И хотя, как писал А. Блок в «Возмездии», «Он был заботой женщин нежной/ От грубой жизни ограждён», сельская Шахматовская жизнь во многой мере формировала его мировоззрение, влияла на понимание происходящего вокруг. Иначе почему, в последних заметках «Ни сны, ни явь», которые он писал уже со  «слепнувшими от ужаса глазами», он вспоминает именно здесь происходившее. Вспоминает, вроде бы, и вовсе вдруг, по сути, жизнь спустя, этого дьякона, когда-то приходившего на Ильин день в Шахматово: «Дьякон нарожал незаконных детей».  А «купец, чей луг косили, вовсе спился и с пьяных глаз сам поджёг сенные сараи в своей усадьбе…».
 Непостижимо! А потому мне и хотелось взглянуть на документ – запись в Метрической книге сочетавшихся браком А. Блока и Л. Менделеевой в церкви Михаила Архангела села Тараканово 17 августа 1903 года.

Я искал метрическую книгу в Областном архиве, надеясь, что там она уж точно есть. Но каково было моё удивление, когда я нашёл её в обычном ЗАГСе города Солнечногорска. Видимо, она задержалась здесь потому, что Таракановская церковь своей метрической книги не имела, и все записи заносились в книгу Покровской церкви: «Метрическая книга, данная из Московской Духовной Консистории, Клинского уезда в Покровскую, погоста Никольского, что на реке Лутосне, церковь священно-церковно-служителям для записи родившихся, браком сочетавшихся и умерших на 1903 год». В графе «счёт браков» стояла цифра 9. Запись 17 августа: «Титулярного советника, доцента Варшавского университета Александра Львовича Блок, сын студент историко-филологического факультета С-Петербургского университета Александр Александрович Блок; православного вероисповедания, первым браком . Лета жениха: 22, 9 мес. 1 день. Девица Любовь Дмитриевна, дочь заслуженного профессора С-Петербургского университета, действительного статского (ныне тайного) советника Дмитрия Ивановича Менделеева, вышеназванная невеста православного вероисповедания. Лета невесты: 20, 11 мес. 19 дней.

Кто совершал таинство: священник Василий Любимов, дьякон Петр Буравцев, псаломщик Пётр Беляев.

По жениху были поручители: ученик 8-го класса частной Московской гимназии (учреждённой Поливановым) Сергей Михайлович Соловьёв и лейб Гвардии  Гренадёрского полка полковник Франц Кублицкий. По невесте были поручители: студент Императорского С-Петербургского университета Александр Иванов – граф Развадовский, и студент Императорского Инженерного училища  Михаил Дмитриевич Менделеев».

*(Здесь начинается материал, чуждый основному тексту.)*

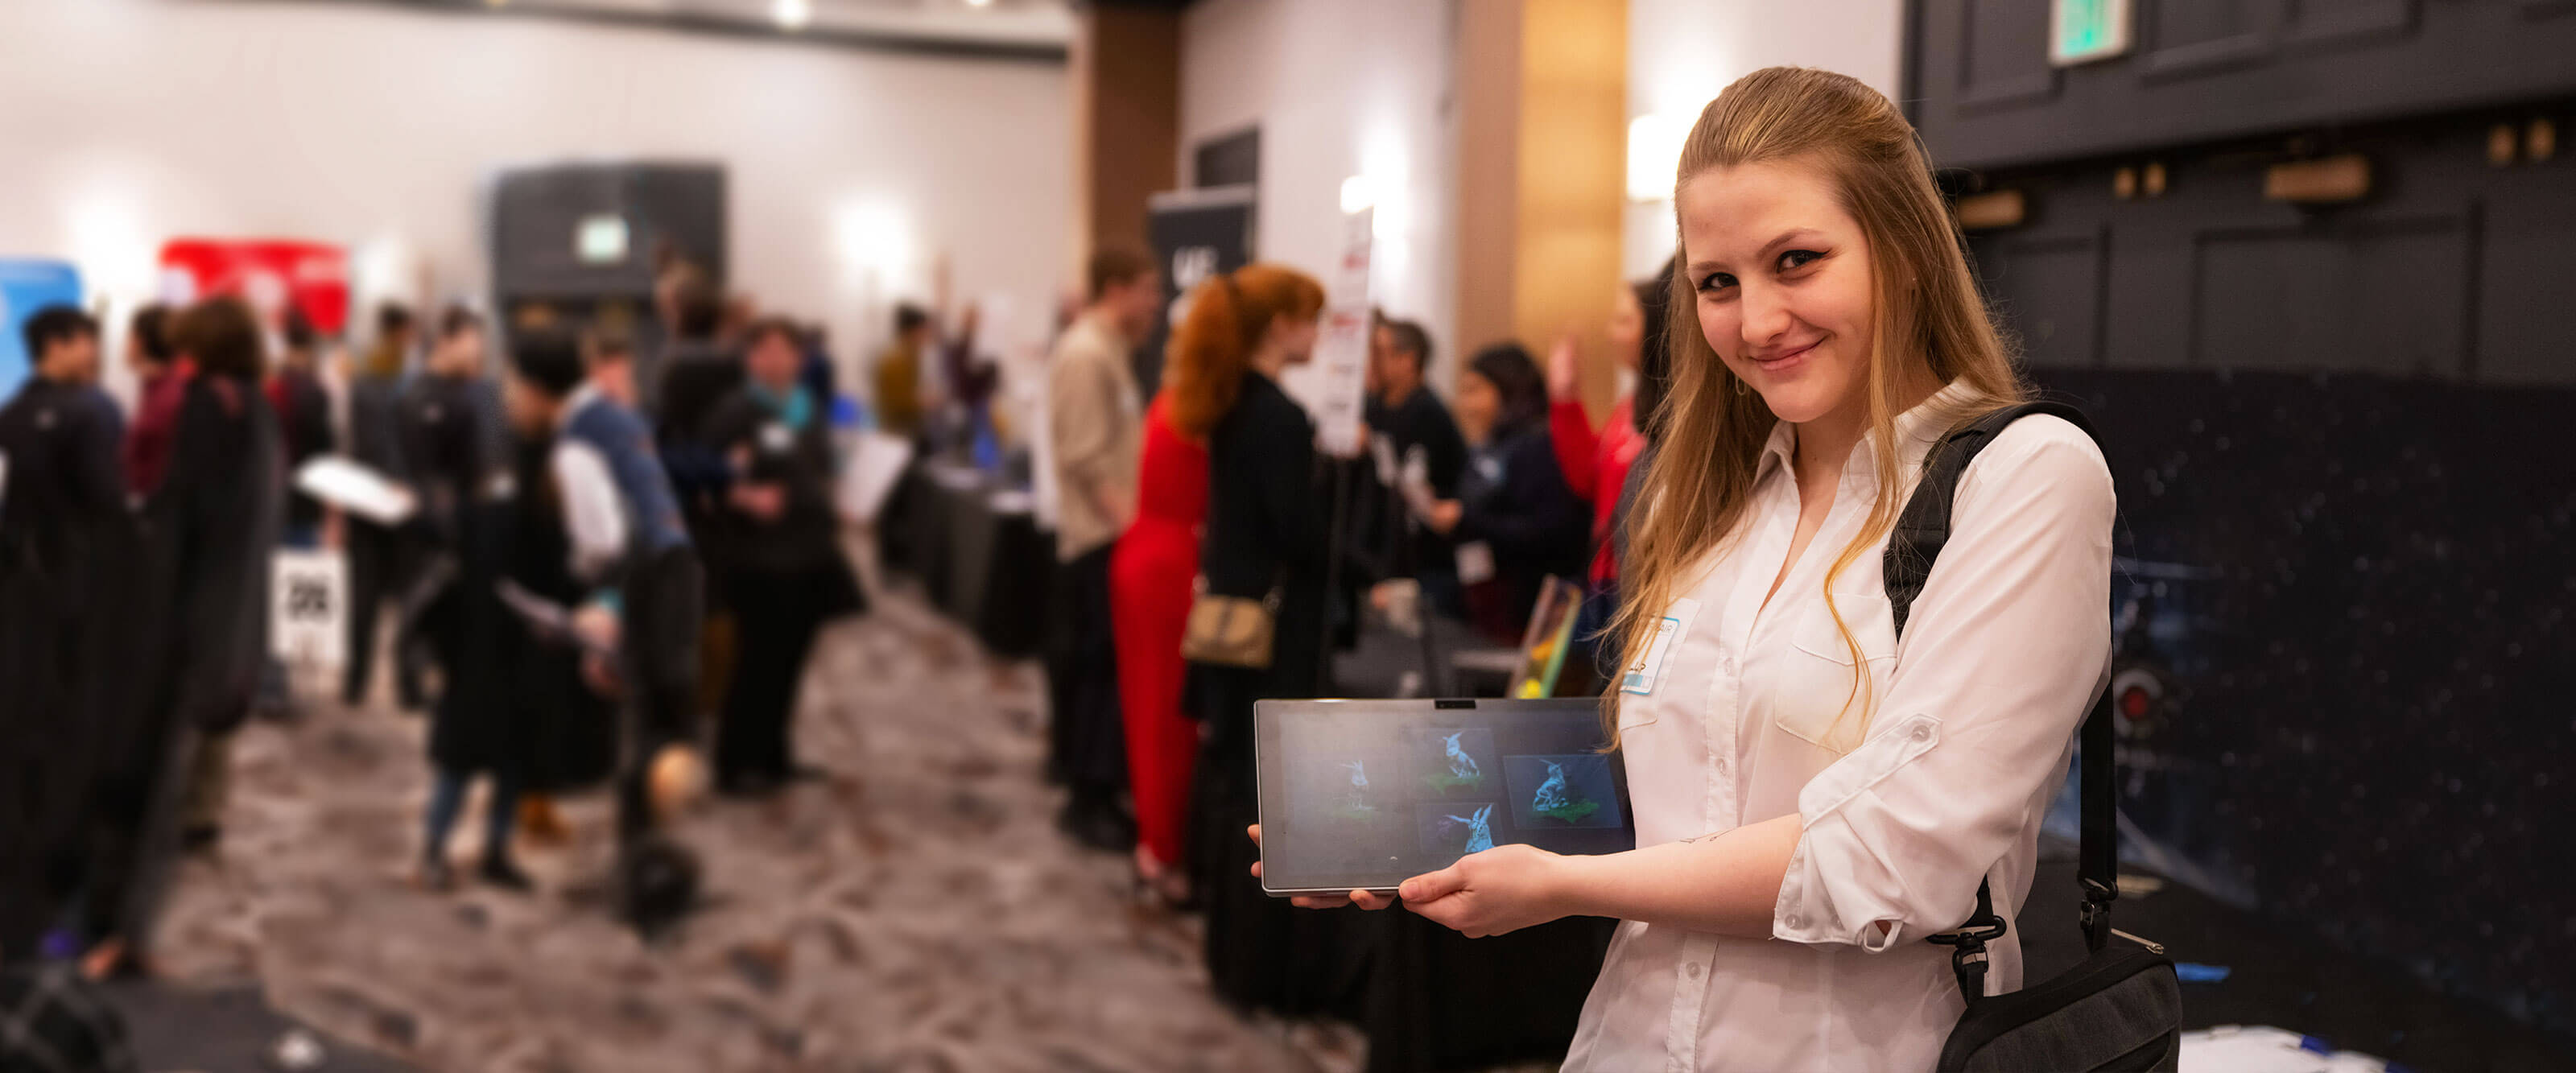 A DigiPen student presents her artwork on a tablet during a busy internship fair.

Подписями жениха и невесты, а так же поручителей запись скреплена не была…
Но вернёмся к воспоминаниям М.А. Бекетовой, так как теперь уже совершенно очевидно, что они не являются только бытовым описанием: «К молебну в Ильин день ставили в угол под большую старинную икону Божьей матери, которой благословляли к венцу нашу мать, небольшой стол, накрытый белой скатертью, с миской воды и кропильницей из липовых веток. На стол ставилась приносимая причтом икона Ильи-пророка, и после обычных приветствий начиналось служение.

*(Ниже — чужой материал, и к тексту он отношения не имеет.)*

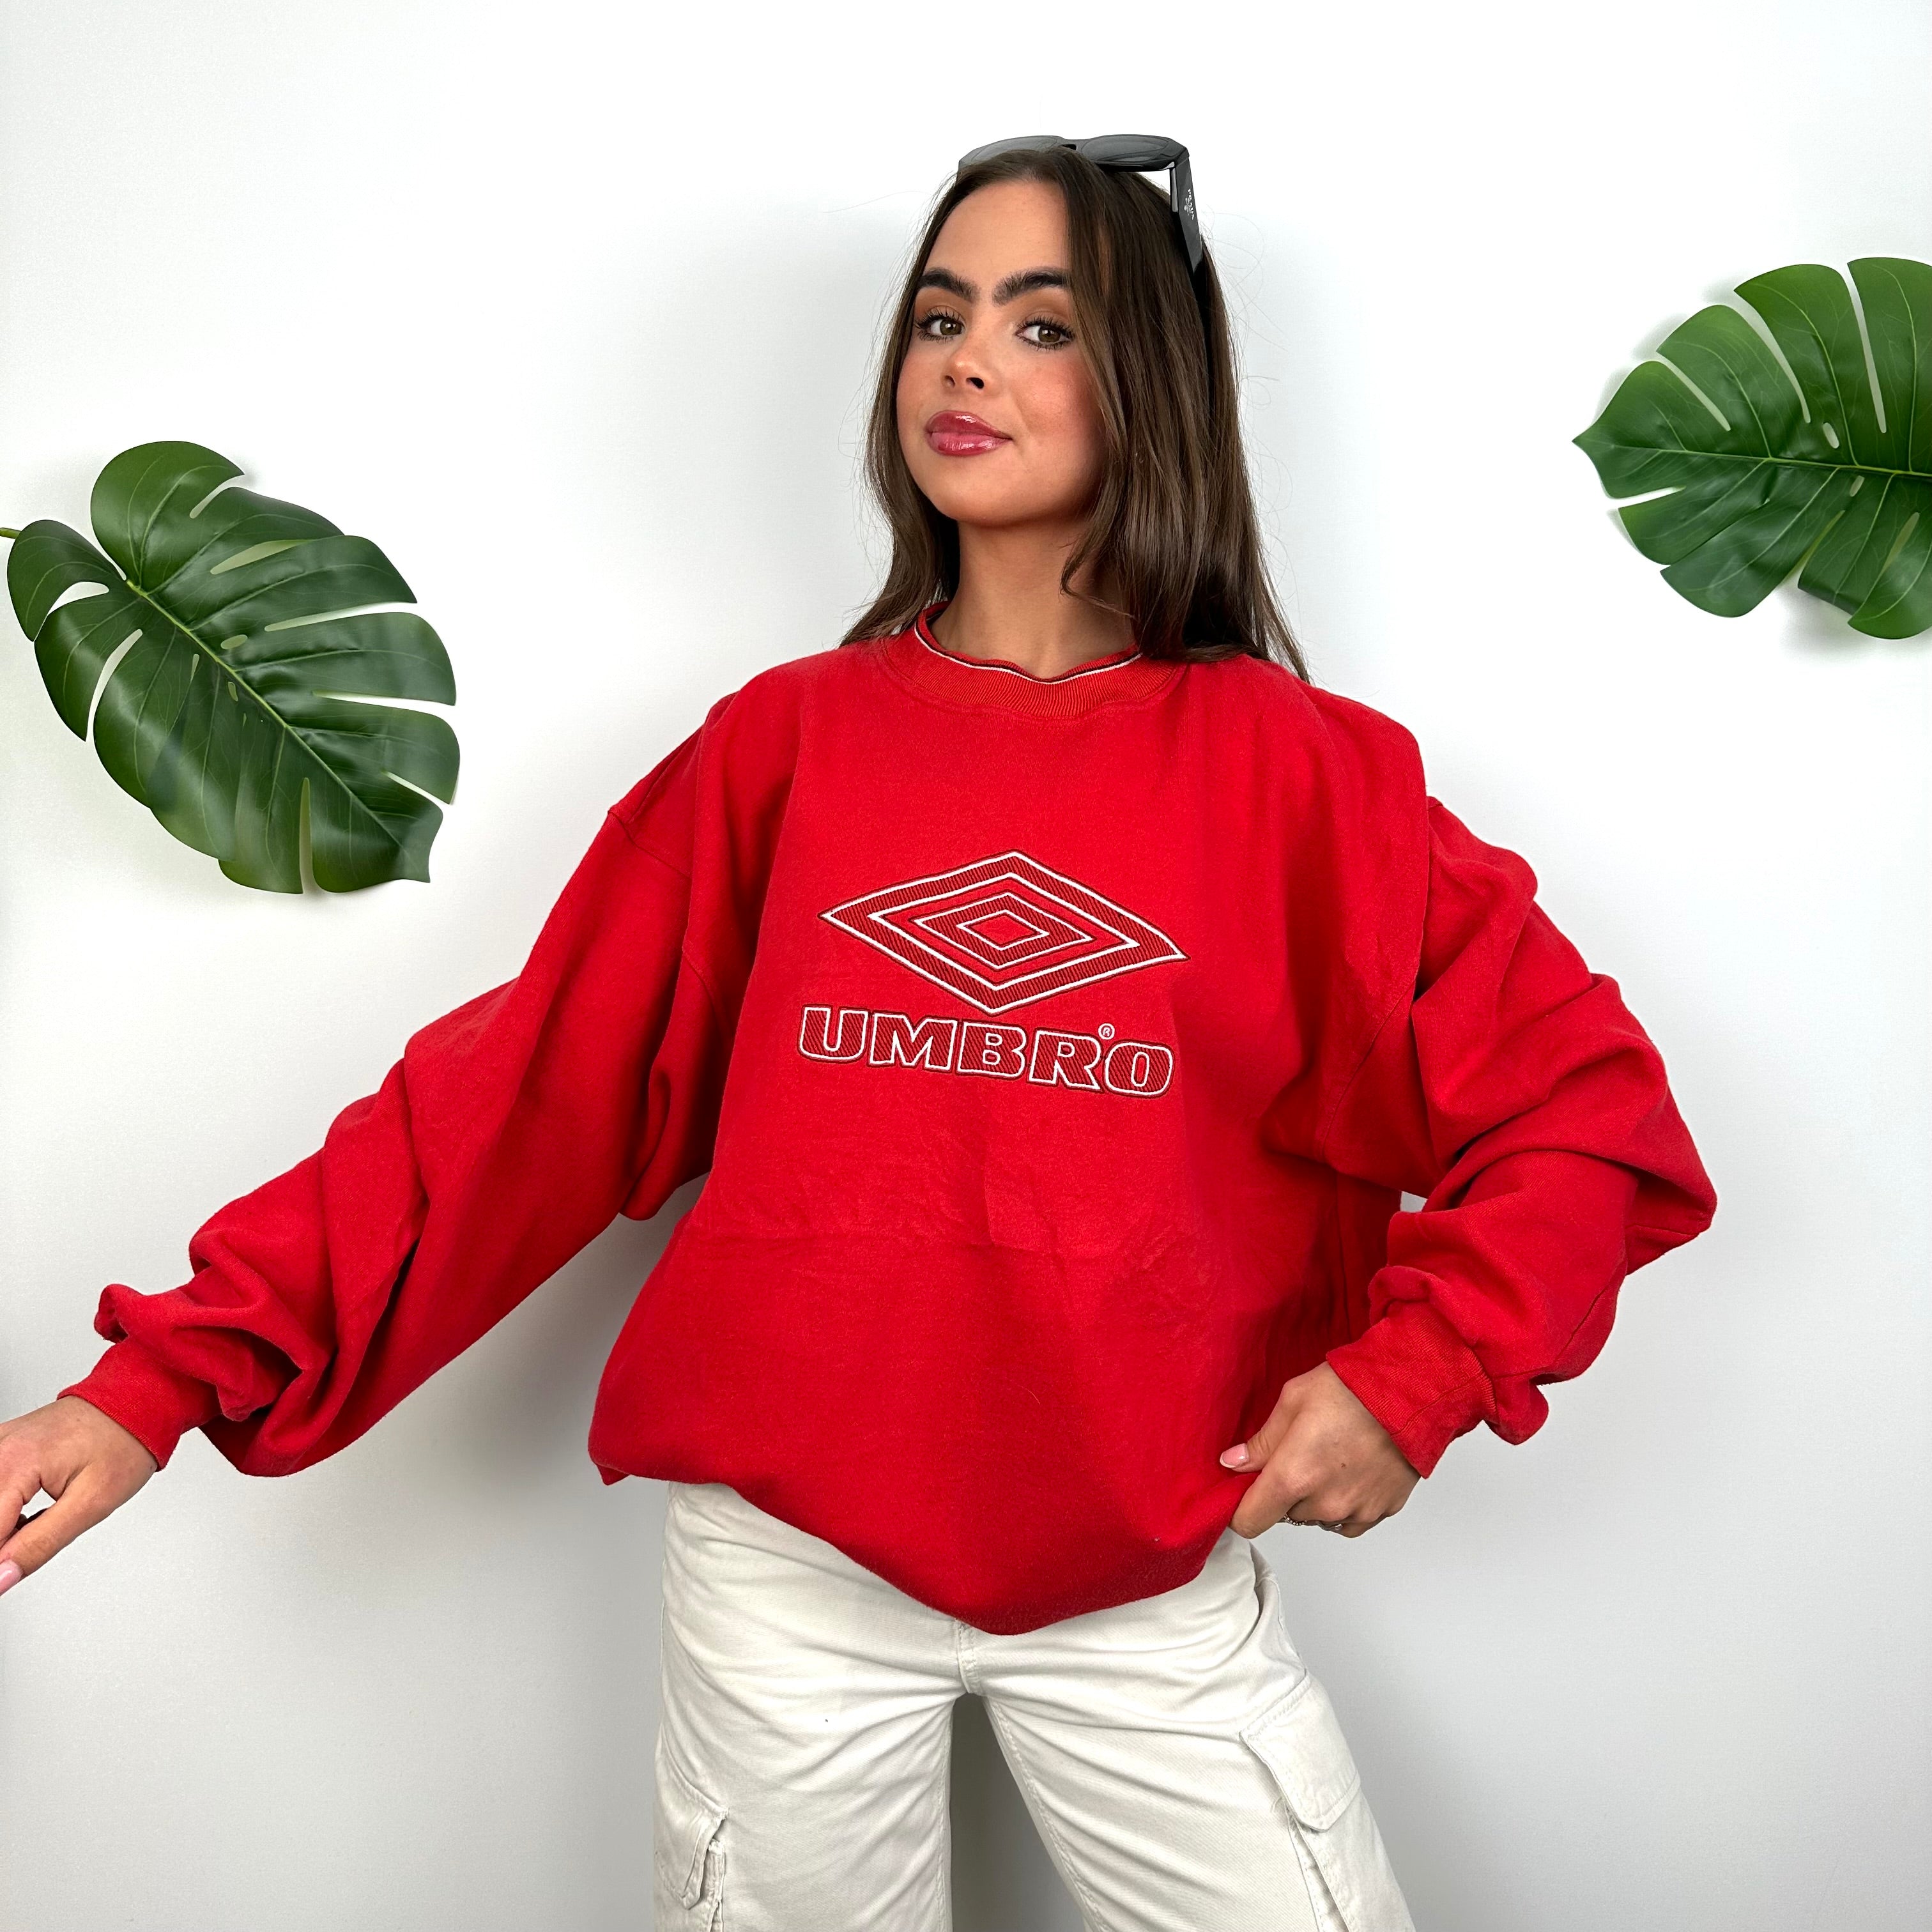 Umbro Red Embroidered Spell Out Sweatshirt (L)

Священник служил молебен дико и безобразно, с преувеличенными возгласами, когда доходило дело до поминания особ царствующего дома. Его интонации были до такой степени грубо комичны и несоответственны благолепию, что трудно было удержаться от смеха во время его служения. Один из моих родственников, присутствовавший раз на молебне, боясь расхохотаться, ушёл в соседнюю комнату и выскочил в окно.
Кончил этот священник плохо. Он допился до того, что уронил во время службы чашу с дарами, за что его могли расстричь и сослать в Сибирь. Он отделался тем, что дал взятку знакомому благочинному, который замял это дело. Вскоре после этого случая он и умер. Надо сказать правду, что такого попа я видела первый раз в жизни, нам особенно не повезло в этом отношении.

Тот священник, который поступил на его место, был гораздо развитее и благообразнее, но зато начал с того, что стал просить у нас денег, чего старый никогда не делал, и вскоре прекрасно устроился, служа агентом в страховом обществе. Помимо этого, он был очень приятный человек, брал у нас книги, которые возвращал в сохранности, цитировал Чехова и мило разговаривал. Пожалуй, дикий поп был не хуже, если не лучше ловкого молодого: он был искреннее и безыскусственнее. А, впрочем, я не знаю его отношения с крестьянами…». («Литературное наследство». Т. 92, книга третья, М., «Наука», 1982 г. Вступительная статья и публикация»  С.С. Лесневского и З.Г. Минц).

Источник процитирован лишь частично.